WHAT IS BEING ASKED
Each line of the listing, apart from the pictures, is to be printed exactly.

───── EXERCISE DATA

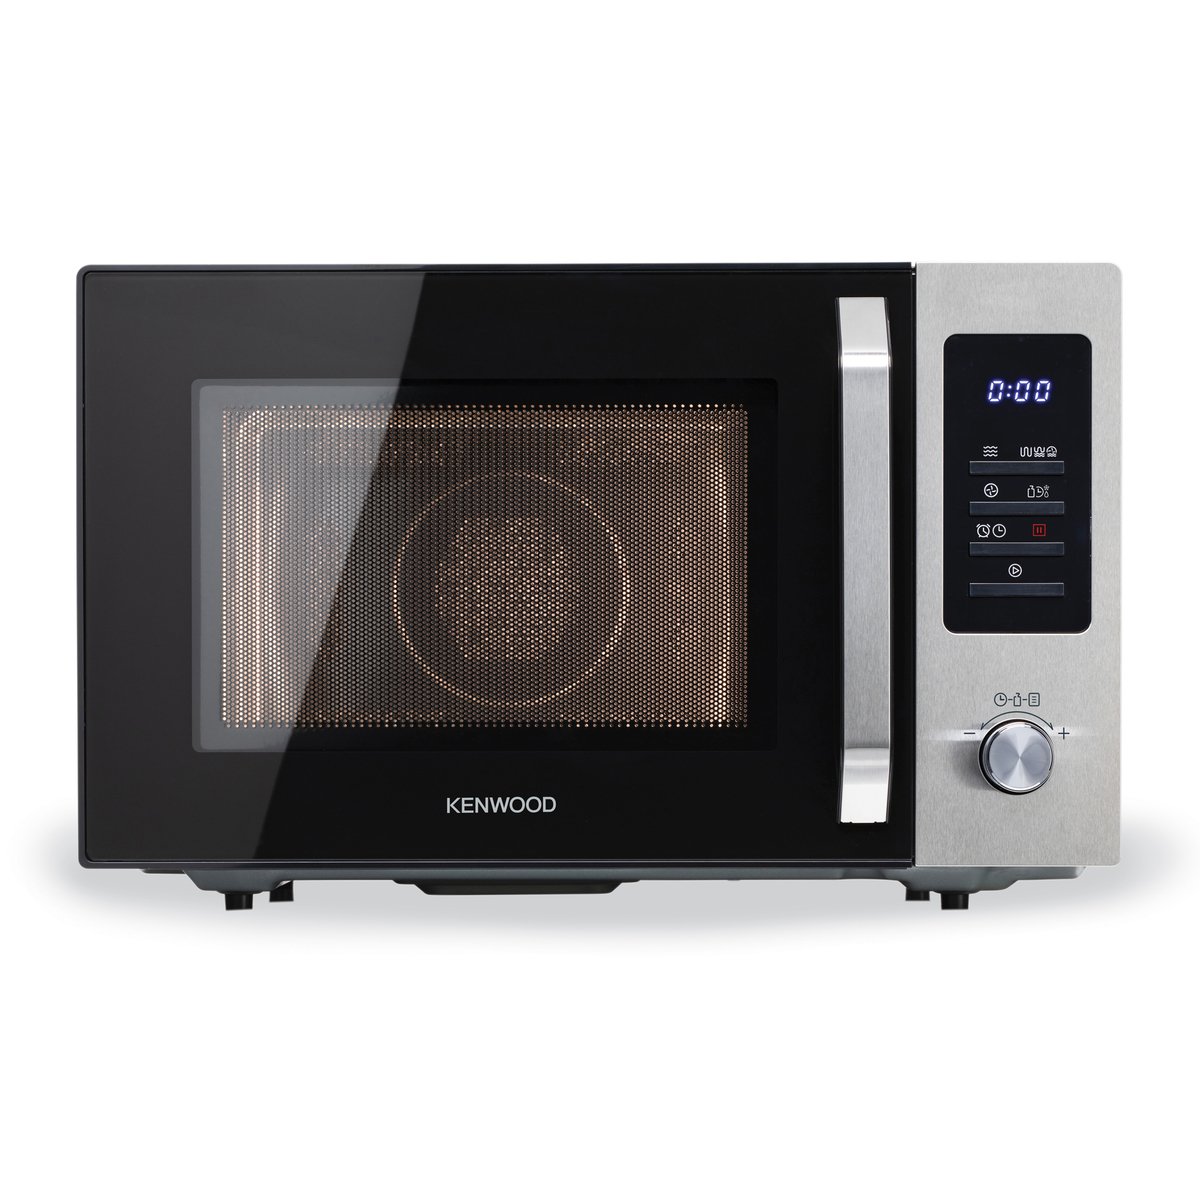 Buy Kenwood Microwave Oven with Grill Convention MWM31.000BK 30LTR Online at Best Price | Microwave Ovens | Lulu UAE in UAE
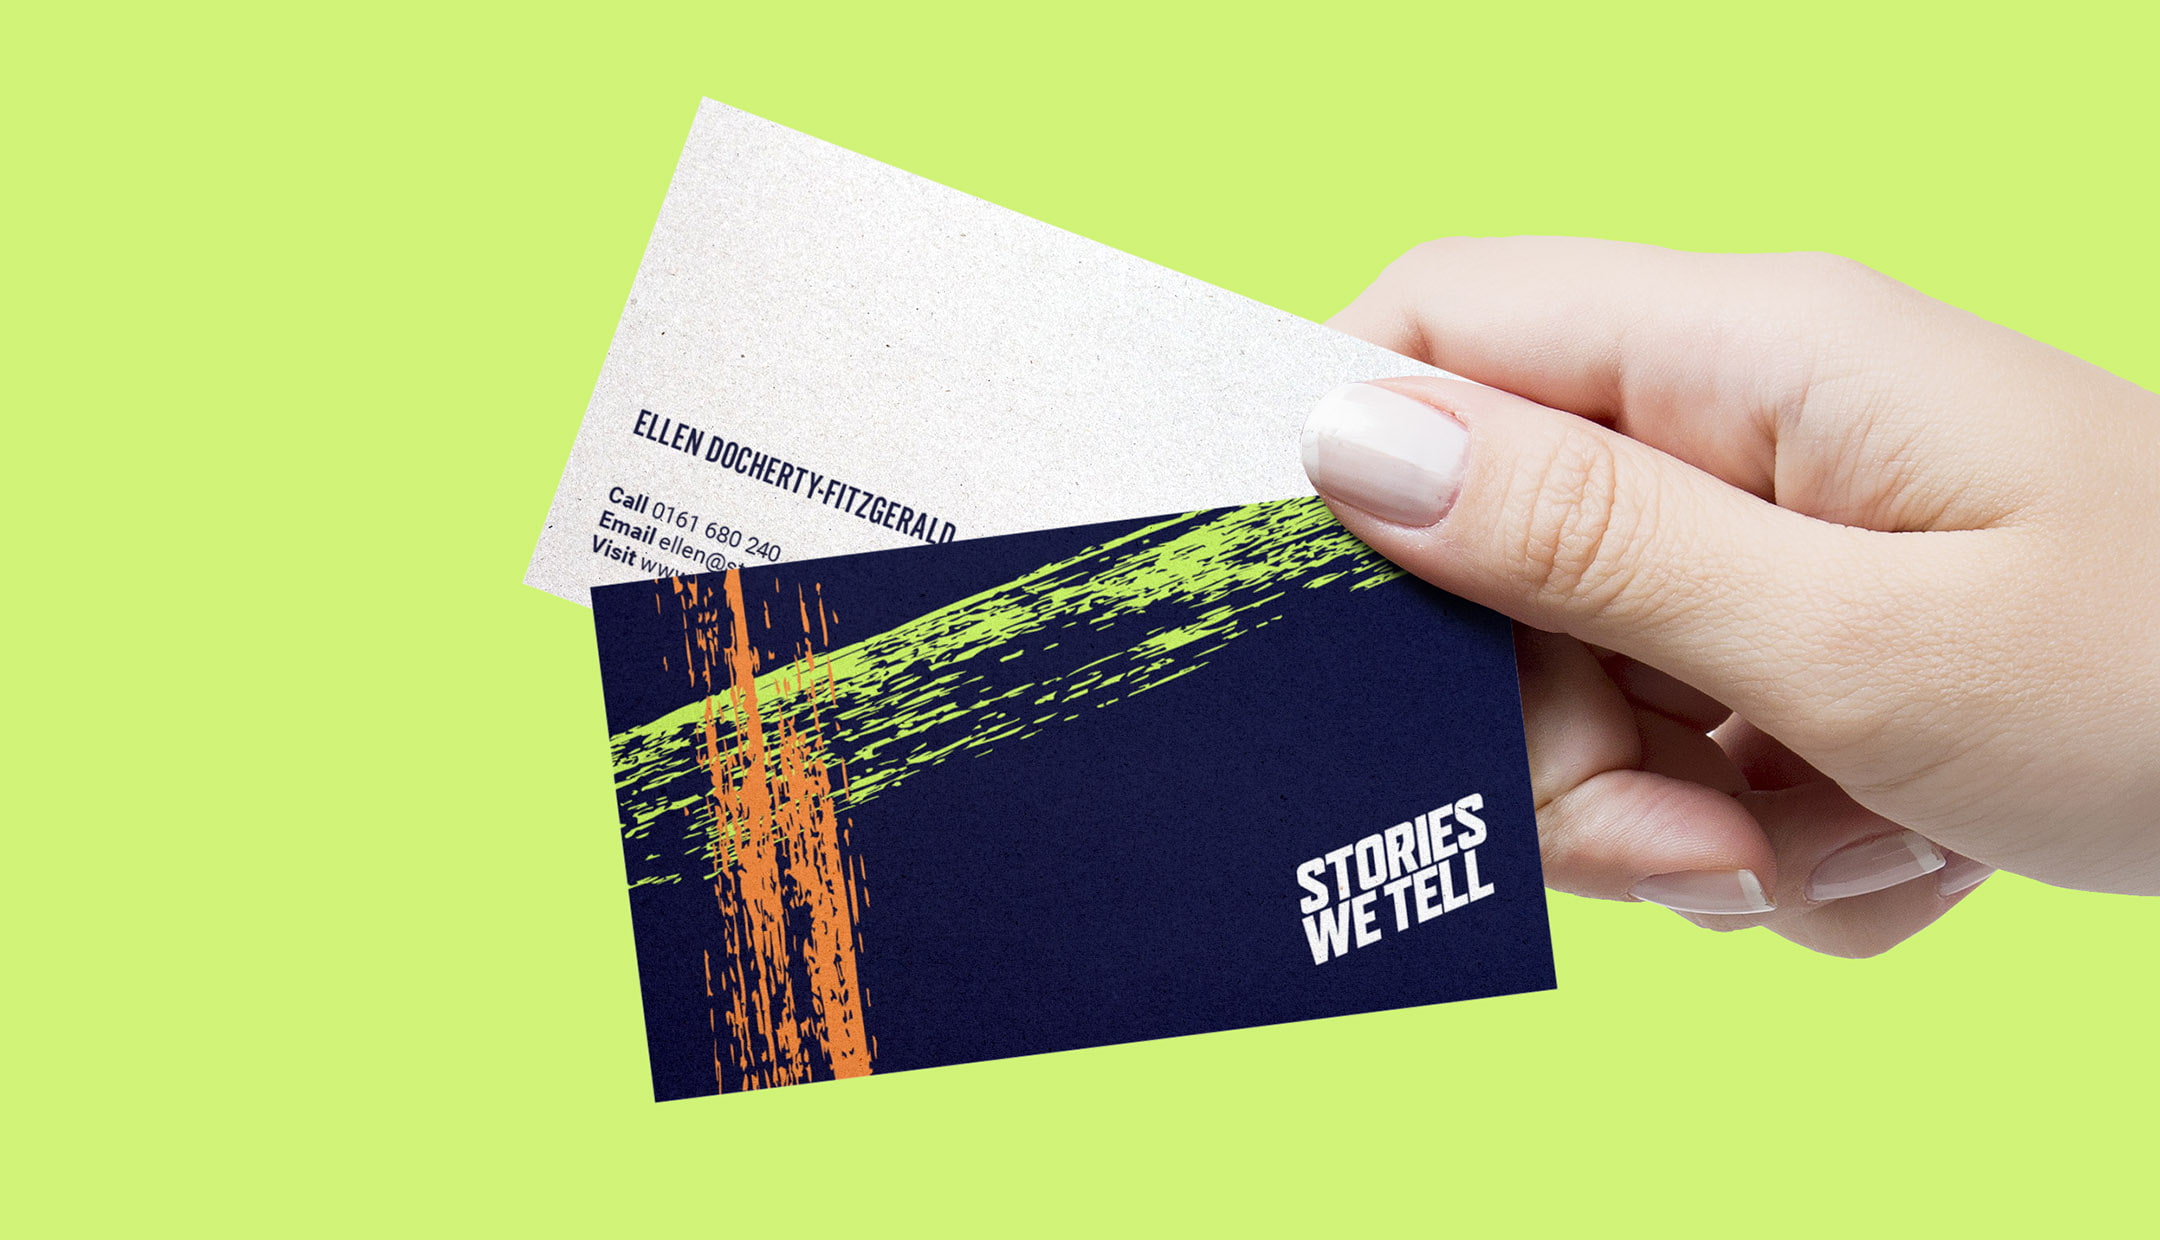 Stories We Tell business cards feature image
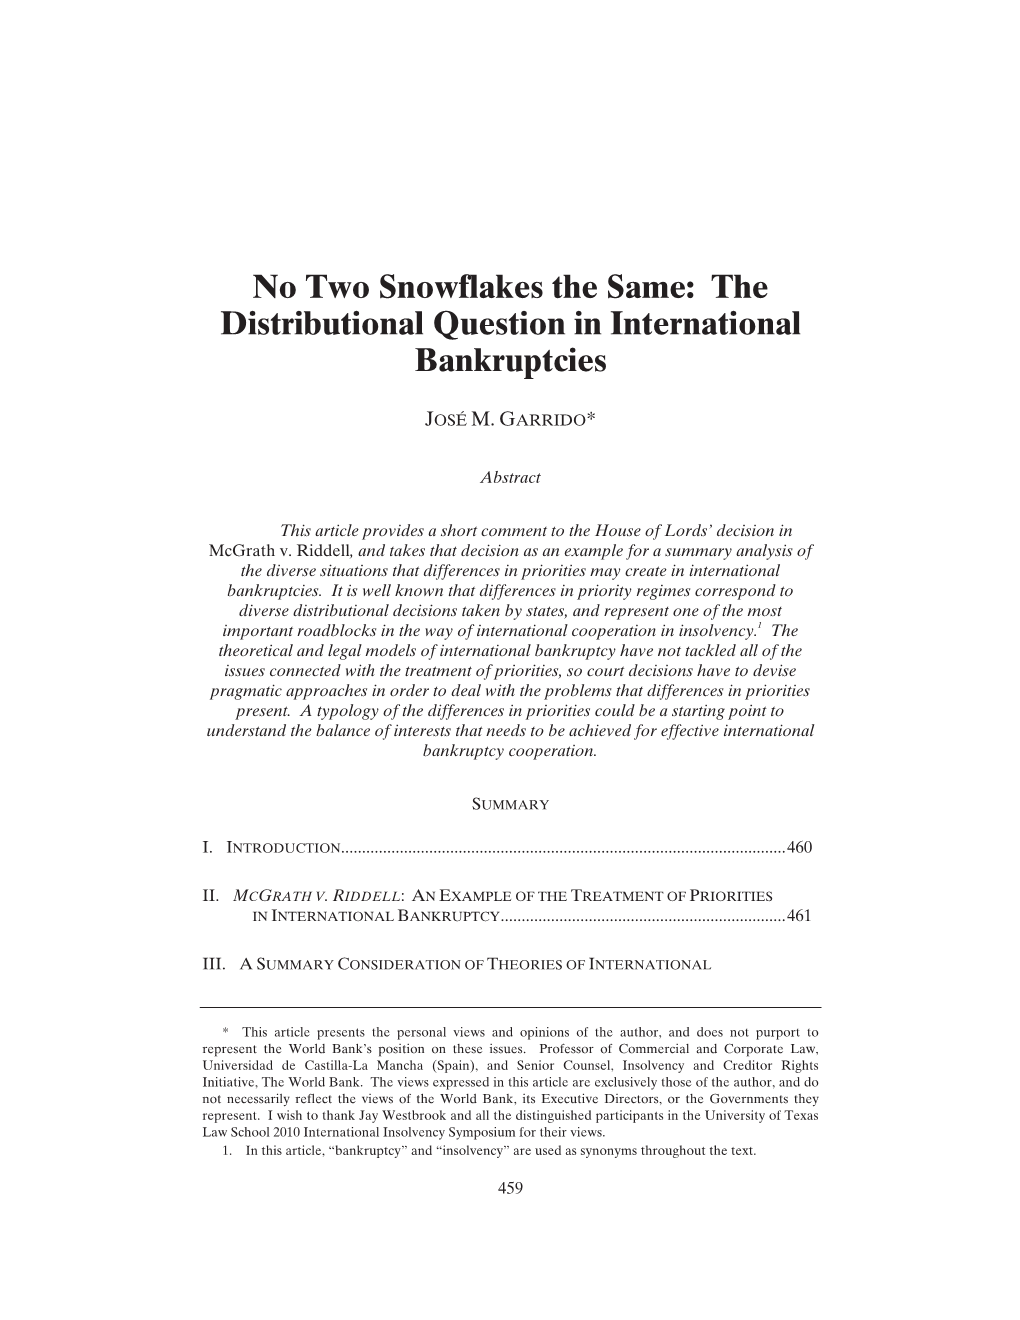 The Distributional Question in International Bankruptcies

──────────

YOUR RESPONSE
 Buy Kenwood Microwave Oven with Grill Convention MWM31.000BK 30LTR Online at Best Price | Microwave Ovens | Lulu UAE in UAE
 Stories We Tell business cards feature image
 The Distributional Question in International Bankruptcies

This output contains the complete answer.